The Neighborhood Stores

by Bill Newman


Like most cities of any size each neighborhood had a street where most of the retail stores were located. The one in my area ran for about ten blocks and was all hill. In one five block stretch it was one store after another.

The fish store had a large tank in the display window with live fish swimming about. Customers pointed to the fish they wanted and the clerk would net the fish. There was a thick block of wood to place the fish on and a heavy club. Two, or three whacks on the head and the fish was ready to be cleaned.

Retail bakeries usually did the baking in a section to the rear of the store. It was tough to walk past a bakery, smell the goodies and not take a peek in the window to see what the days special was.

Sunday was the big day in the bakery business. From the morning till late afternoon all bakeries were crowded. Most bakeries got a jump on things by starting to sell about 11 P.M. Saturday night when the baked goods would start coming out of the ovens. The stores were not open so the customers went to the rear and waited in an alley outside the baking area. You couldn't buy fresher goods than that, out of the oven into your bag.

The drug stores in the neighborhood displayed large glass globes in the display window. There was no particular size and shape that the globes had to be, the only requirement was that they be filled with an exotic colored water. The colors were changed every so often so people always had a reason to look into the drugstore window.

We had shoe repair shops, dry cleaners, tailors, and even small repair shops where it cost .50¢ to have a toaster repaired.

When leaving something at one of these shops the customer never got a claim check. The shopkeeper trusted to memory as to what belonged to who. Sometimes the shopkeeper would write a note to slip into a garment, a shoe, or another item. The note held the briefest of description of the person it belonged to. A description was usually four words tall man with glasses, for example would suffice.

No shopping street was complete unless it had at least two candy stores. A candy store sold newspapers, magazines, tobacco items, a few sundry items, had a soda fountain but most of all sold those wondrous penny candies.

Most customers were young children that had a penny to spend. Sometimes a big spender would come in that had as much as .05¢ to spend. Most selections were based on which you got the most of for a cent. One of my favorites was Collins Walnettos, they came in a package of seven for .01¢. The shopkeeper seem to spend most of his time behind the candy counter.

You may wonder how the candy store survived doing a business in pennies, the answer was not too difficult to come by. All candy stores had pinball machines. Most required a nickel to operate and some a penny. There were cash prizes, not advertised but you could ask.

In addition to the pinball machines many candy store owners booked numbers. I don't know if that goes on today. A person picked three numbers and could bet an amount from one cent up. If your number "came in" you won $5.50 for each penny bet. It was illegal but the law winked at the whole business.

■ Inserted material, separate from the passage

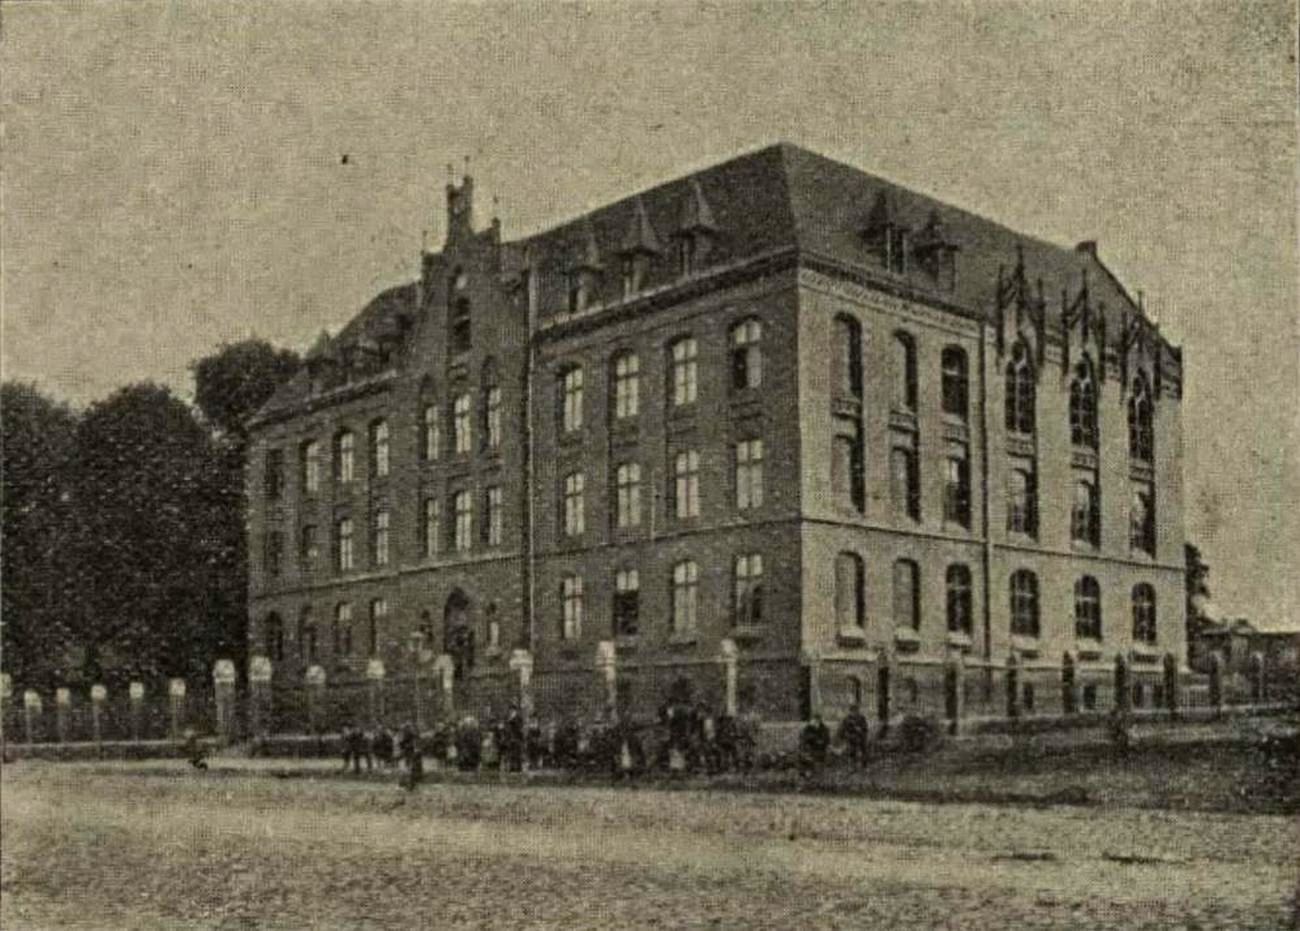 archiwalne zdjęcie przedstawiające budynek szkoły
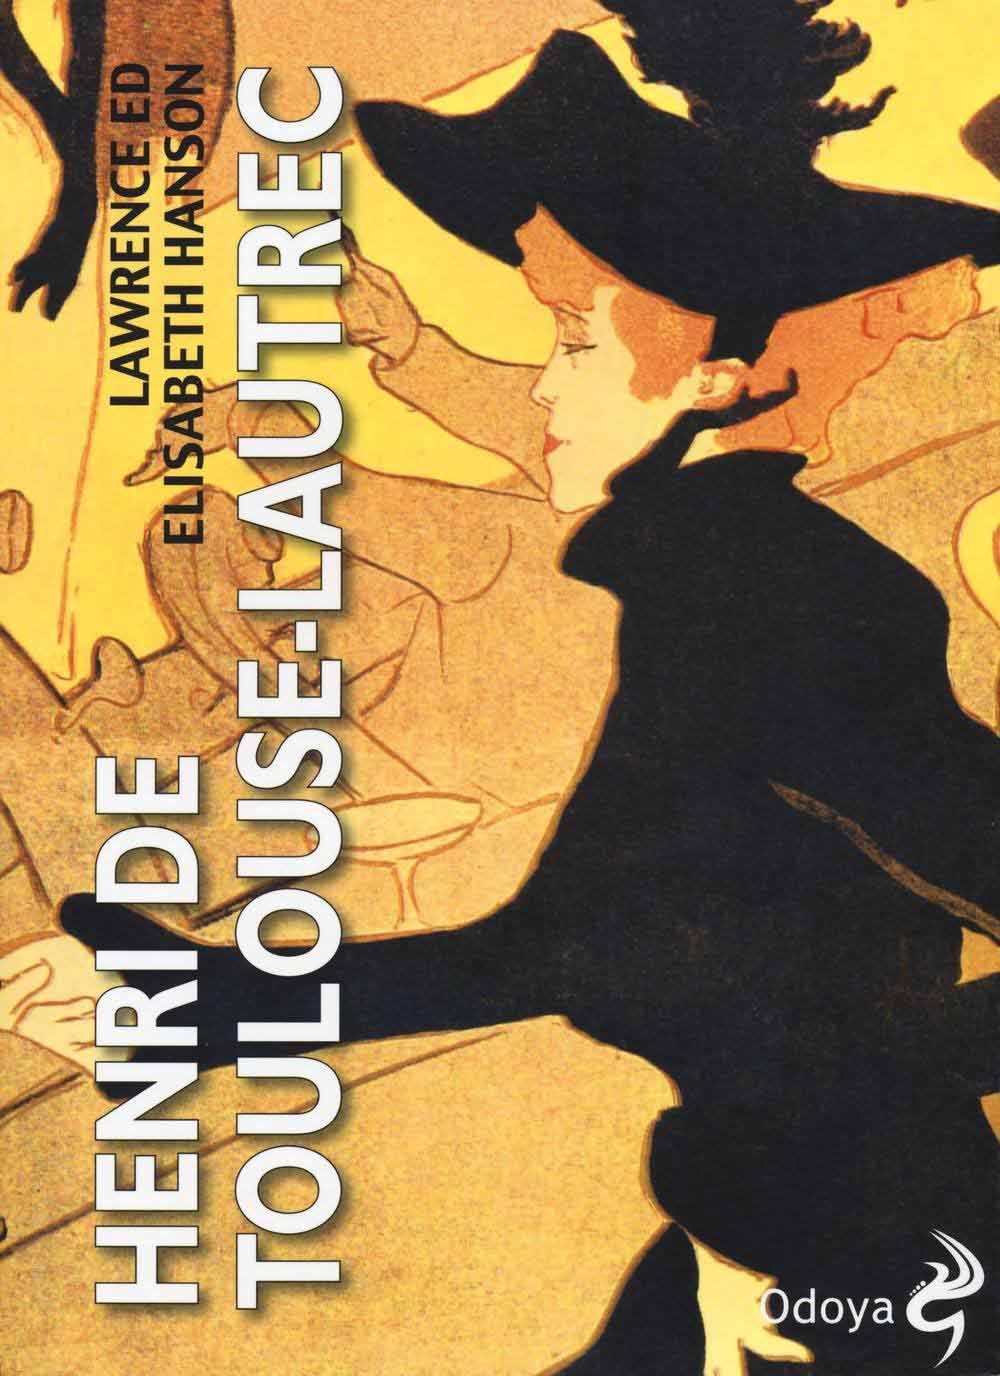 Libri Lawrence Hanson / Elisabeth Hanson - Henri De Toulouse-Lautrec NUOVO SIGILLATO, EDIZIONE DEL 17/03/2016 SUBITO DISPONIBILE

At the bottom of the Hawthorne Avenue hill was a White Castle hamburger stand. In some cities today there are still White Castles. I also see White Castle products for sale in the frozen food section of some supermarkets.

I don't know why but the prices are much higher today than they were in the 1930's. I can't recall ever paying more than .05¢ for anything in a White Castle. After the war, in the 1940's the White Castle would have a coupon in the newspaper every so often that entitled a customer to ten hamburgers for .25¢

Come on White Castle, bring back those prices.